7.4.4 On-site supervision
We consider that the present restriction on the ability
of the BMA to conduct on-site inspections in respect of Standard
schemes results in a failure to comply with IOSCO Principles 8
and 10.
We also consider that there is not currently compliance
with IOSCO Principle 20 in respect of Standard class schemes.
This Principle requires the regulator to seek to ensure that all
the property of a scheme is fairly and accurately valued and that
the net asset value of the scheme is correctly calculated. This
assessment is best achieved during an on-site inspection.
In order to meet this Principle we believe that the
restriction should be removed and that the BMA should have the
right to conduct on-site inspections without the pre-condition
of a failure by the scheme to provide information. Such a power
of inspection should cover access to all functionaries for the
purpose of ascertaining compliance with the appropriate regulations.
7.4.5 Enforcement powers
Whilst the BMA's enforcement powers cover many of
the requirements of IOSCO Principle 9, we consider that some enhancements
would assist in achieving full compliance.
We consider that the BMA should have formal powers
to "police the perimeter" thereby allowing it to investigate
potential unlicensed scheme activity.
Additionally, whilst the Registrar of Companies has
the power to apply to wind-up a company operating as a scheme,
we consider that the BMA should also have powers to apply to the
court to wind-up such companies and furthermore to take similar
action in respect of unit trusts and, when regulated, limited
partnerships.
The BMA should be able to:
- require the substitution of any service provider
to the scheme;
- apply to the court to appoint a custodian to
manage the assets of a scheme;
- fine a scheme for breaches of the law or any
regulations; and
7.4.6 Regulations
There are no specific regulatory requirements for
Standard Schemes for the following:
- segregation of client assets; and
- disclosure of the basis of asset valuation and
pricing and the issue and redemption of units/shares.

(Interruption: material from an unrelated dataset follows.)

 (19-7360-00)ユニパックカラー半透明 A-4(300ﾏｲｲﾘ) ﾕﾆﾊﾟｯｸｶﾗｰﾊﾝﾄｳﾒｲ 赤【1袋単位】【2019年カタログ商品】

However, we are advised by the BMA that this is achieved
through the BMA's review of the schemes constitutional documents.
The BMA state that they will not approve documents which do not
contain the necessary disclosures.
Nevertheless, we consider a more formalised regulatory
structure would be preferable and would better comply with IOSCO
Principles 3 and 18. In particular, how segregation of assets
will occur needs to be formally regulated.
We therefore recommend that formal requirements are
included in the revised regulations to be introduced for Standard
Schemes.
7.4.7 Regulatory scope
The lack of a single definition of collective investment
schemes has resulted in limited partnerships not being covered
within the regulatory scope. This has left schemes in the form
of limited partnerships unregulated. We consider that it is important
that these are brought within the regulations. We also consider
that the opportunity should be taken to create a single definition
of schemes rather than rely on the different definitions contained
in the Companies Act and Stamp Duty Act.
We are advised by the BMA that this can be achieved
by an amendment to the BMA Act.
7.4.8 Designated territory status
The length of time since the last UK Treasury review
means that we consider that a further evaluation of Bermuda should
be undertaken by the UK Treasury as soon as possible, to confirm
whether the regulatory requirements for UK Class Schemes/ Recognised
schemes remain equivalent to UK regulatory requirements.
7.4.9 Foreign schemes
The BMA currently proposes to pass the vetting of
foreign incorporated schemes to scheme administrators. This approach
is not out of line with IOSCO Principles. Nevertheless, we consider
that the BMA, in order to help guard against the reputational
damage of a fraudulent scheme to a Bermudian administrator, may
wish to continue to vet these schemes at the point of entry as
the BMA's access to external information is greater than the administrators.